### Records supplied
┏━━

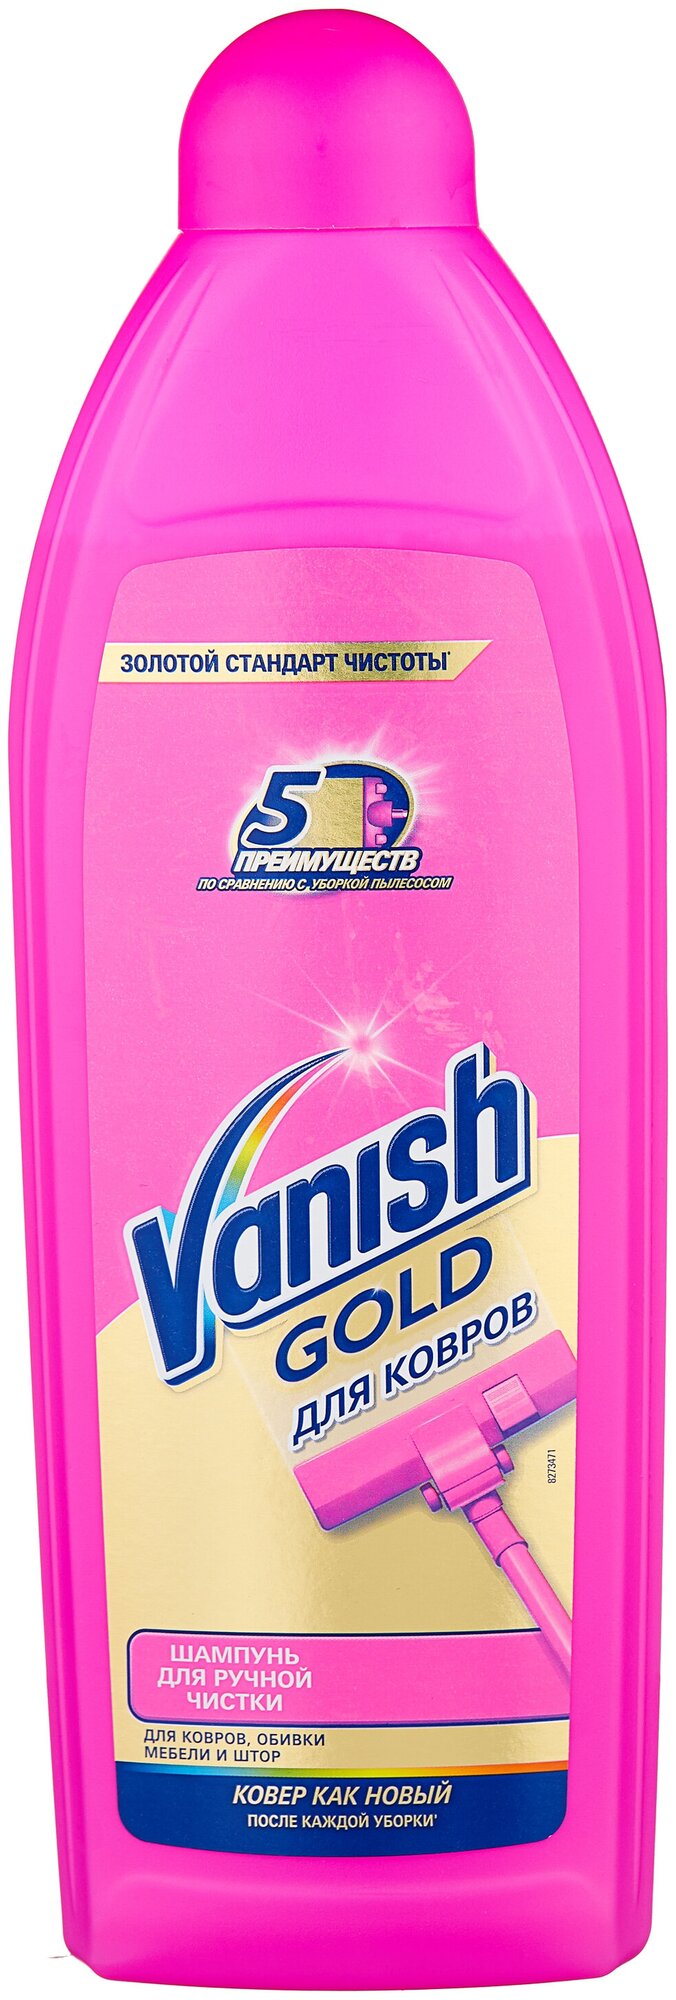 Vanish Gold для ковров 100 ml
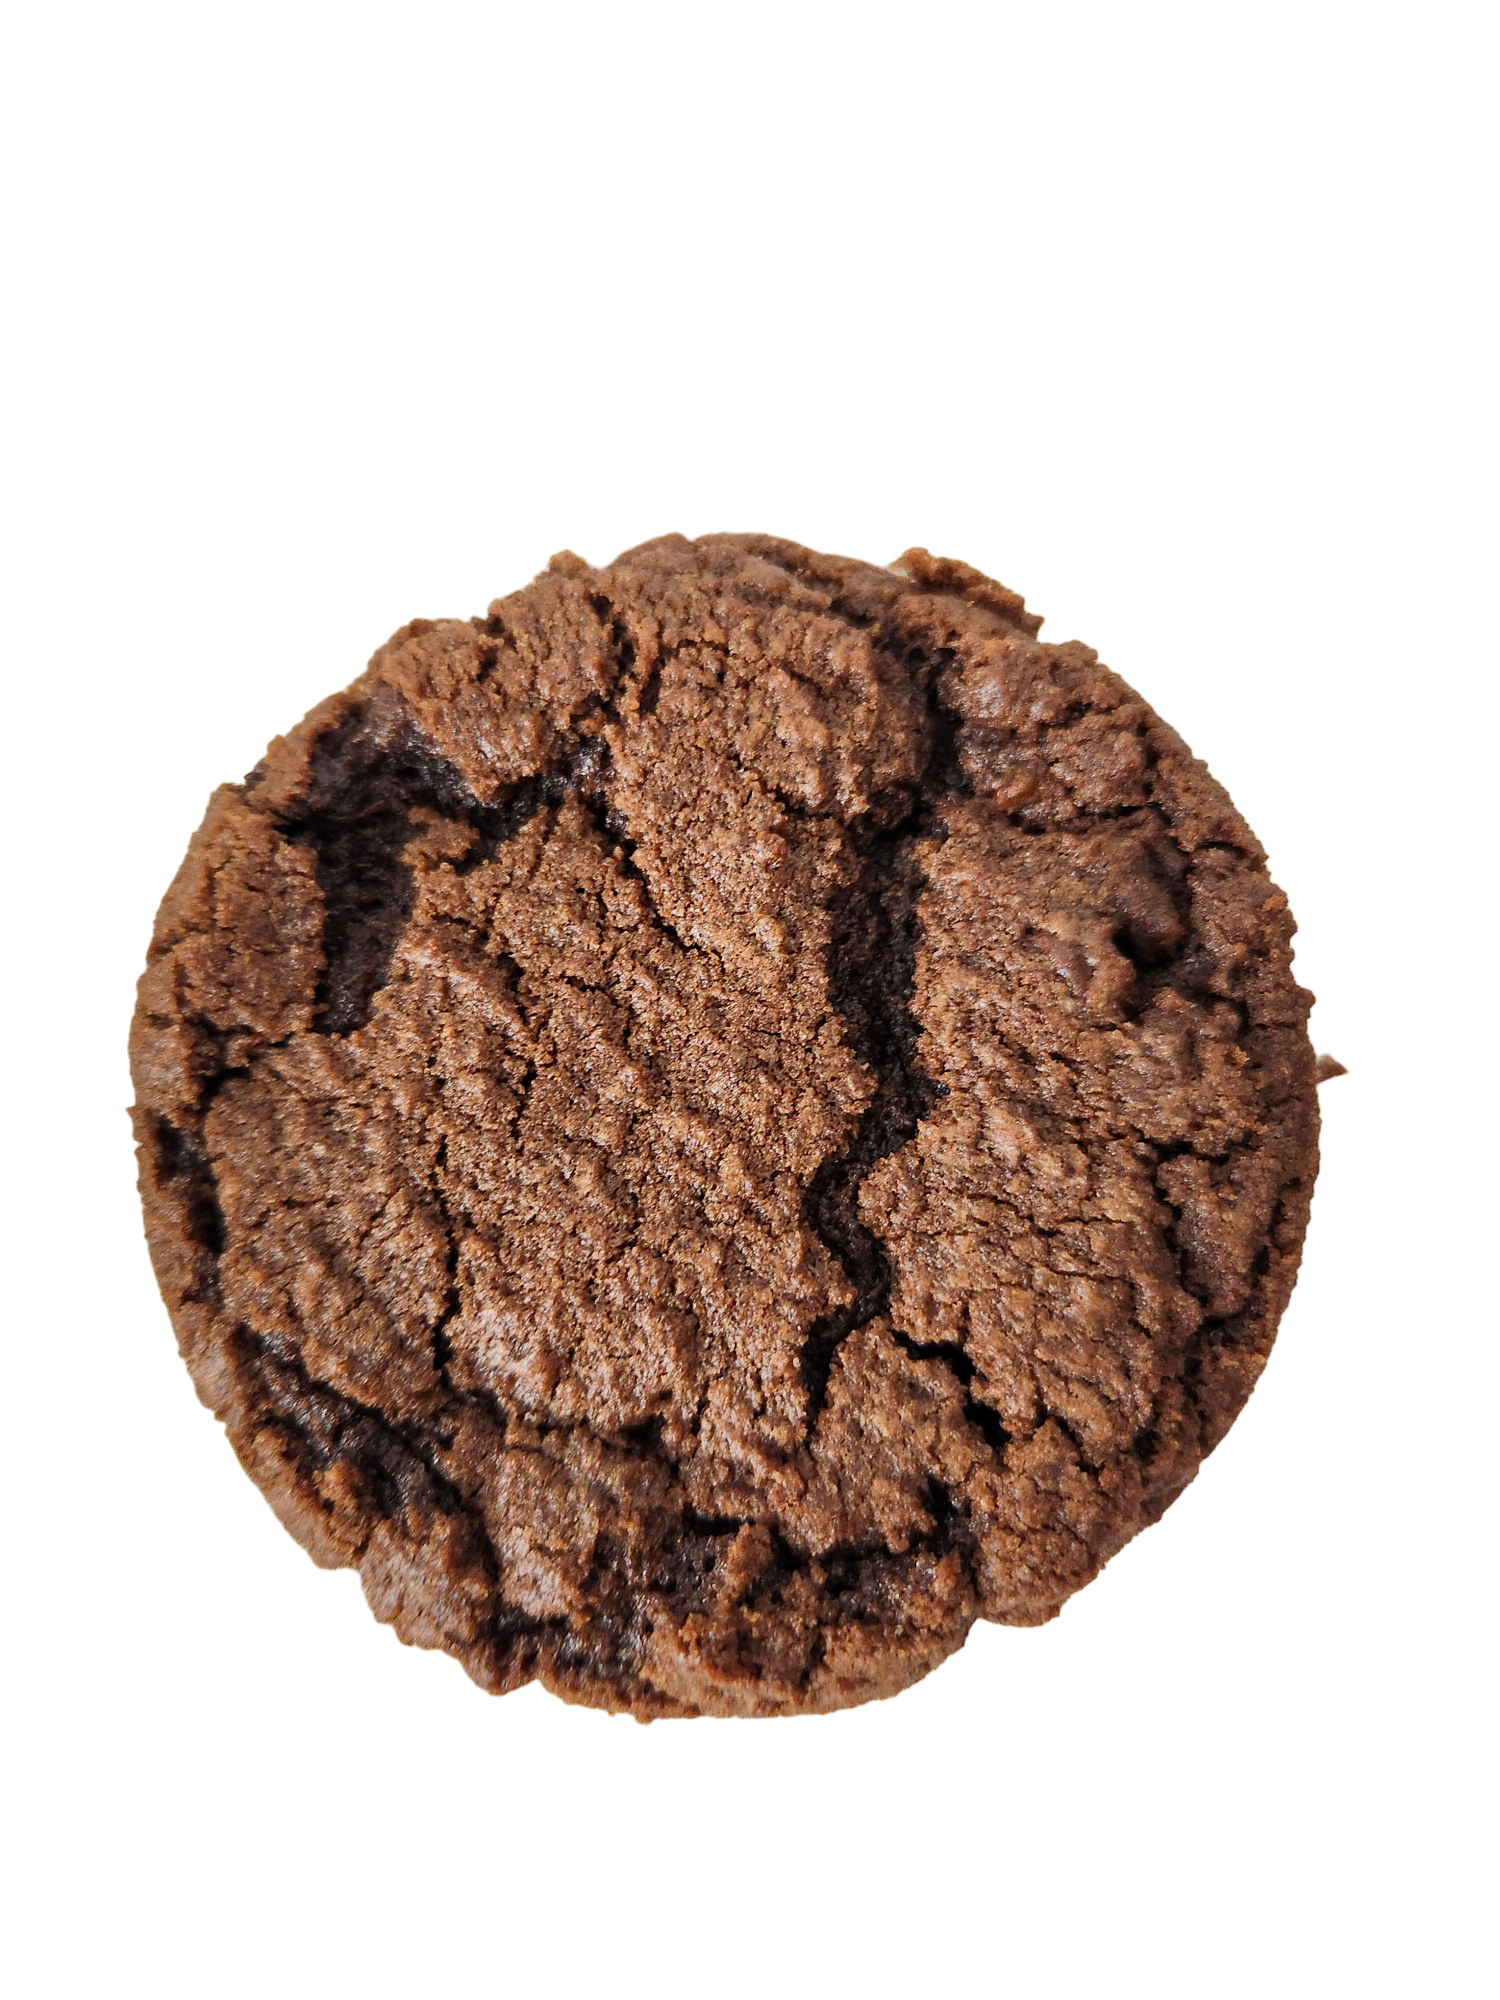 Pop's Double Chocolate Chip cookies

┗━━
┏━━

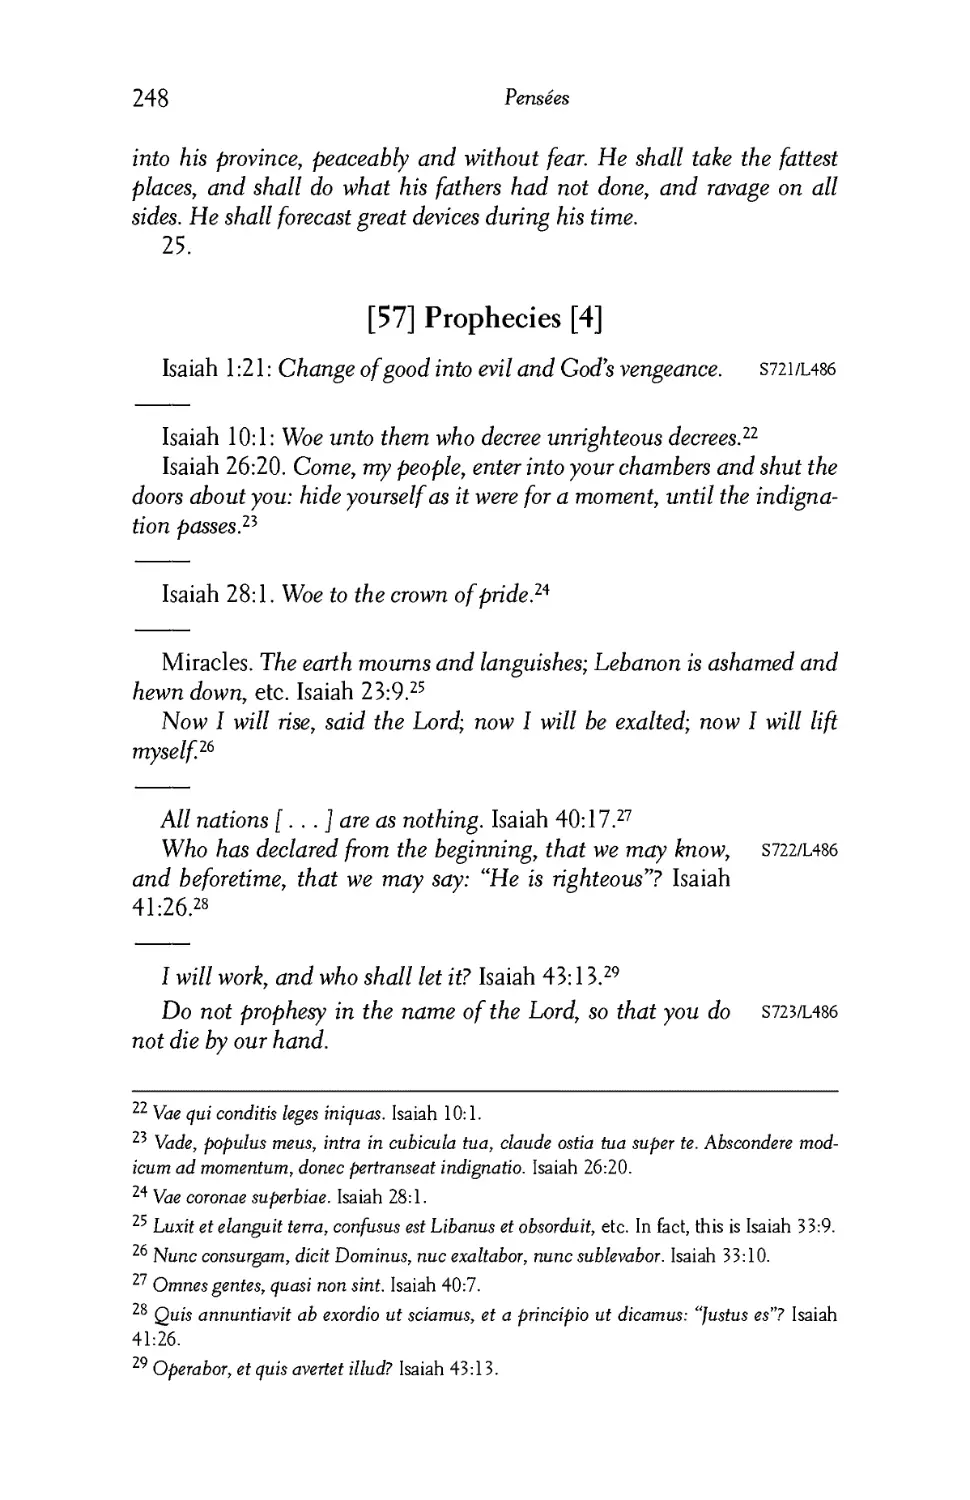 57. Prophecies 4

┗━━

### Task to complete
Write out exactly the lines above between the one with "Vanish Gold для ковров 100 ml" and the one with "Pop's Double Chocolate Chip cookies", inclusive, with pictures left out.

### Written response
 Vanish Gold для ковров 100 ml
 Pop's Double Chocolate Chip cookies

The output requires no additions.